Palliative care is the mainstay of hospice care. Unlike other forms of medical treatment, palliative care does not aim to cure an illness, but instead to reduce its symptoms and improve the quality of life of people suffering from a terminal illness and those close to them; the medical team in a hospice tries to alleviate pain and distress for the patient and their family. It is a holistic approach, offering help with all of a seriously ill person's needs, both emotional and physical. Hospices care for adults and children and are often associated with terminal care for cancer victims although they are increasingly used by sufferers of Multiple Sclerosis, Motor Neuron Disease and other neurological, life threatening diseases.

What can a Hospice offer?

Even with all of modern medicine's capabilities, many people still face death in pain and distress. A hospice team will make efforts to relieve pain and give a person dignity and peace as they approach the end of their life. They look after the person who is near death and their loved ones in the calm surroundings of the hospice either as an in-patient or through day care. They also provide specialist home care through Macmillan or Marie Curie nurses. Many different services can be offered including pain control, specialist nursing, physiotherapy, spiritual support and bereavement counselling. They recognise that everyone is an individual with personal cares and worries that need to be addressed. Hospices aim to provide relief from terminal illness to people from all religious and cultures and although some are run on Christian principles, they welcome patients of all faiths.
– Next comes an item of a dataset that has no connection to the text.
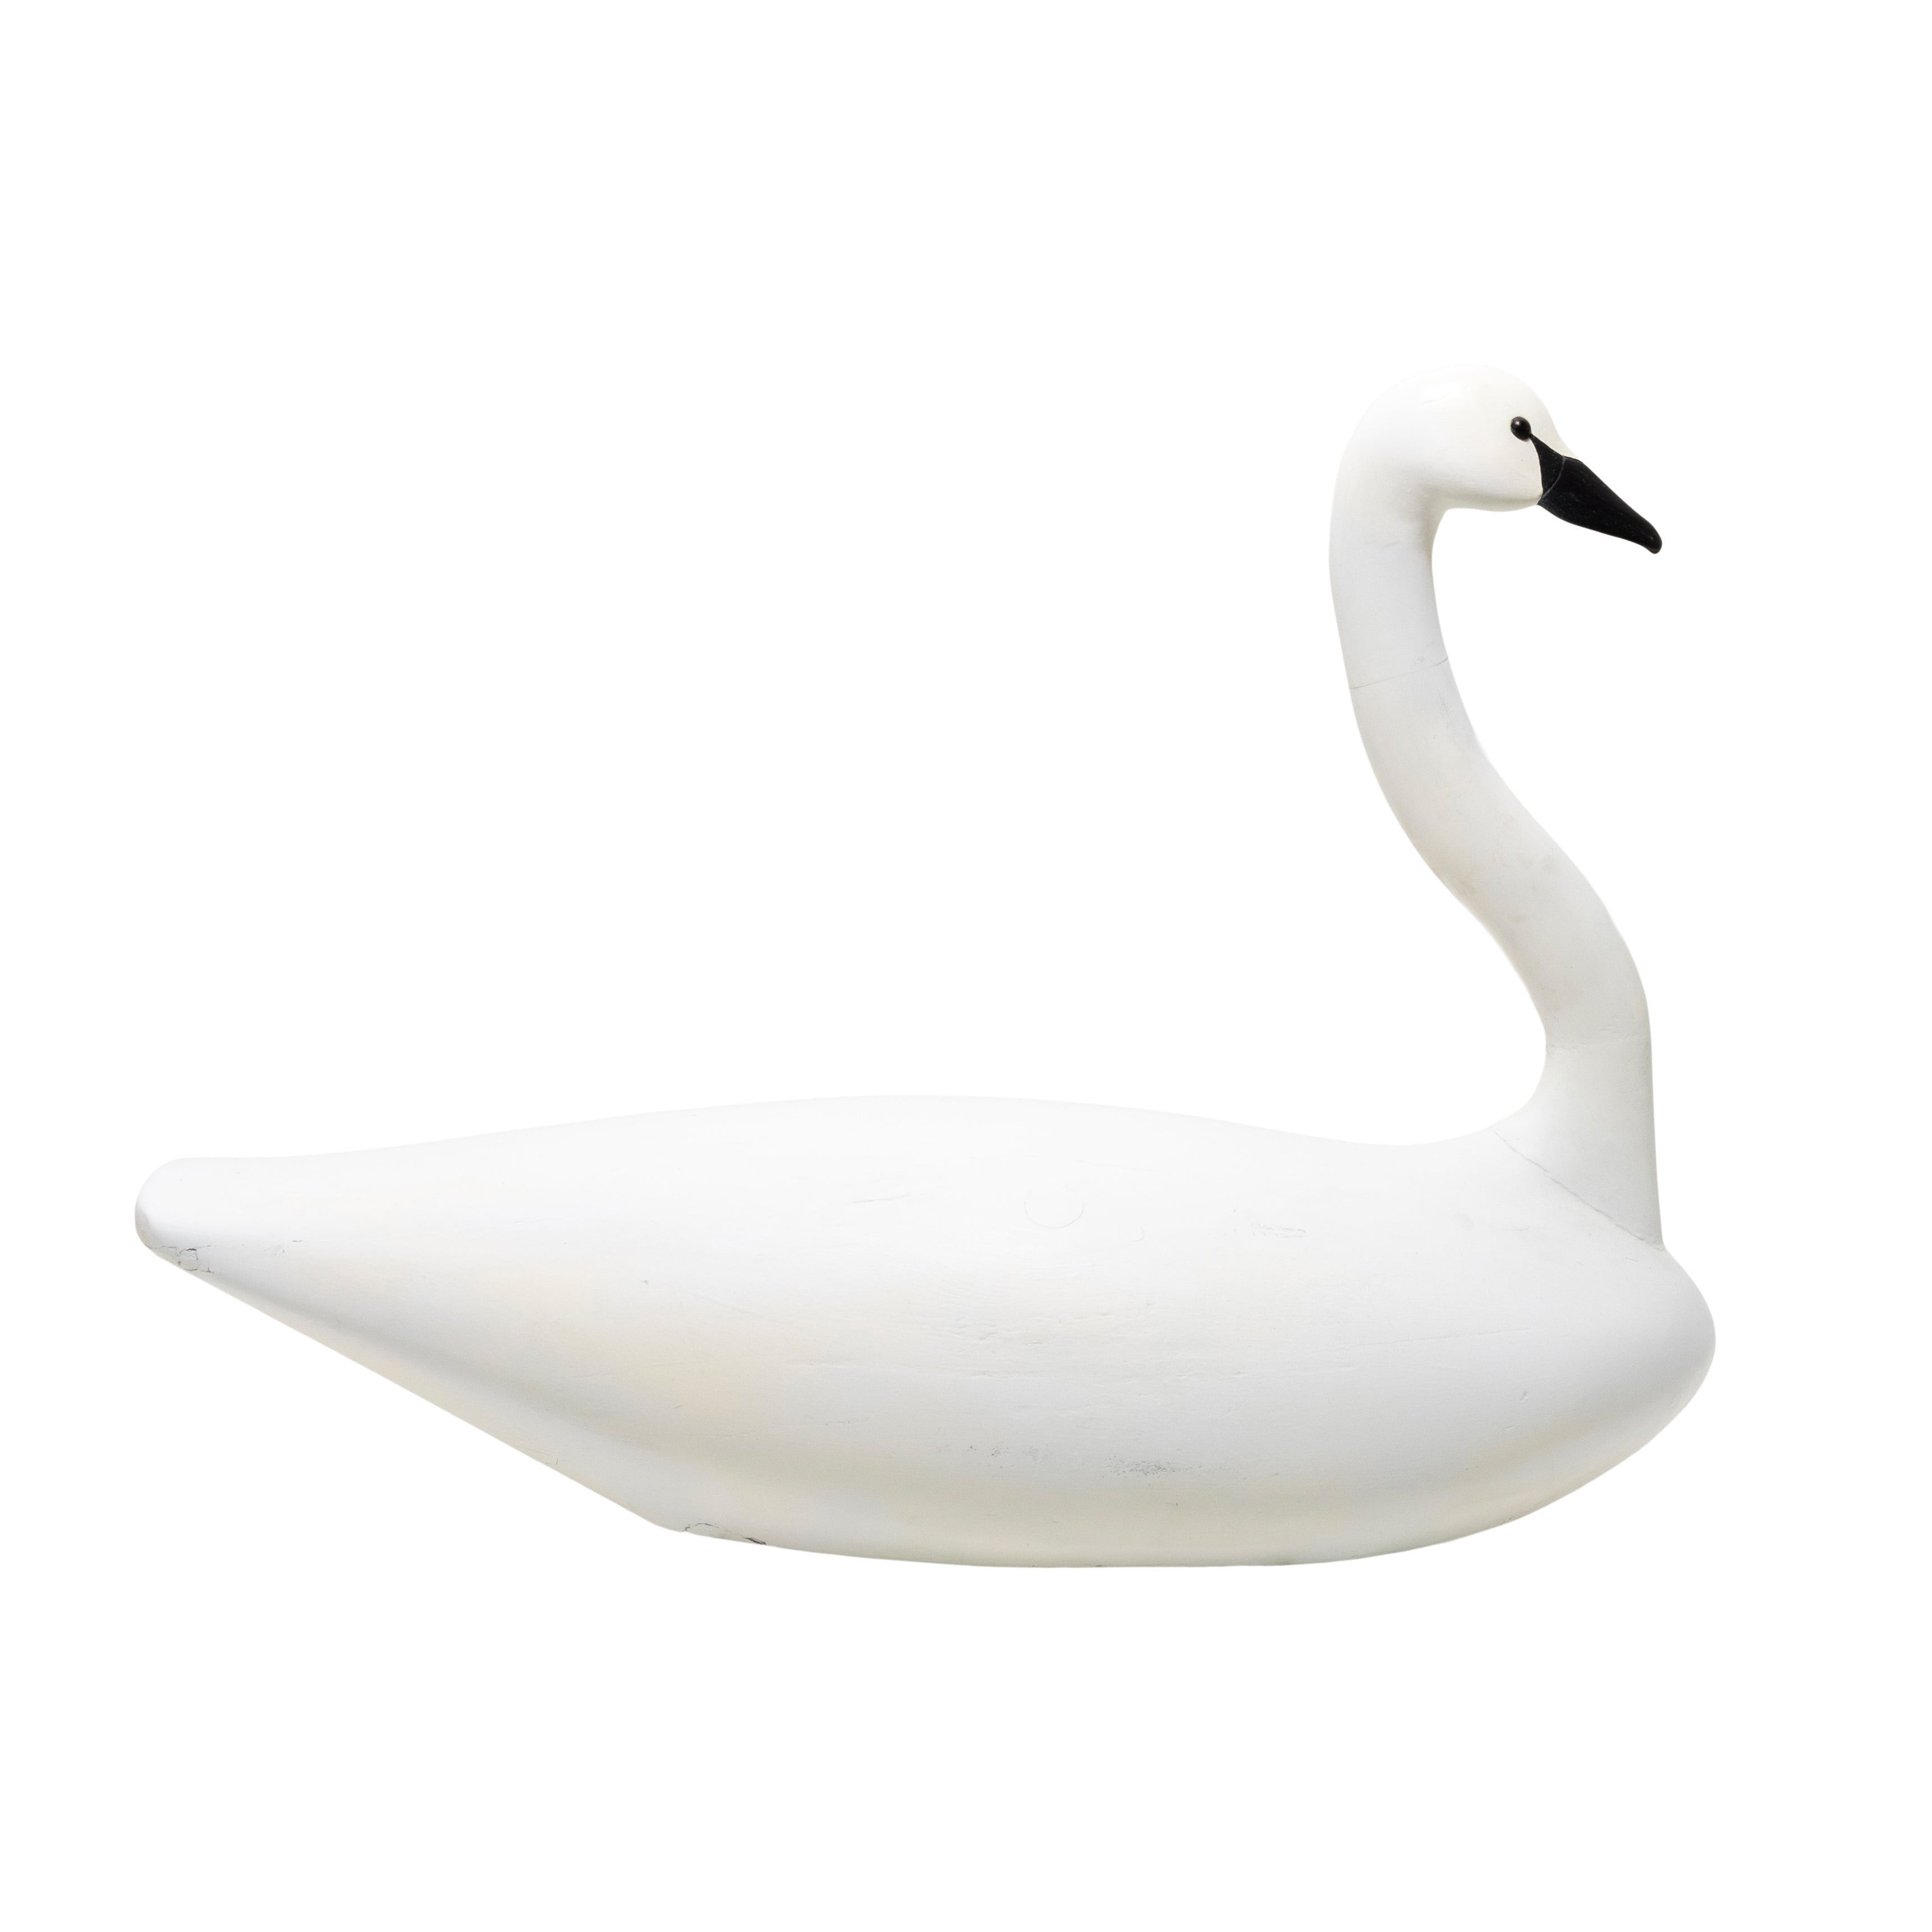 Swan Decoy by Paul Gibson

Will my Loved One Die in the Hospice?

This will be the choice of you and the person you care for. Although many people do choose for their last days to be spent in the tranquility and care of a hospice, almost half of people who spend time in a hospice do go home again. The decision of where to die is personal and something that will need to be discussed with your loved one. However if you wish, a hospice counselor with experience on such sensitive issues, can be on hand for advice.

How do I find a Hospice near me?

If your loved one has a terminal illness, your doctor can make a referral to a local hospice. Usually, there will be a home visit to assess the situation and discuss your loved one's future needs.

What Costs Are Involved With Hospice Care?

Hospice care is free of charge. Most hospices have charitable status and rely on donations to continue to offer their services.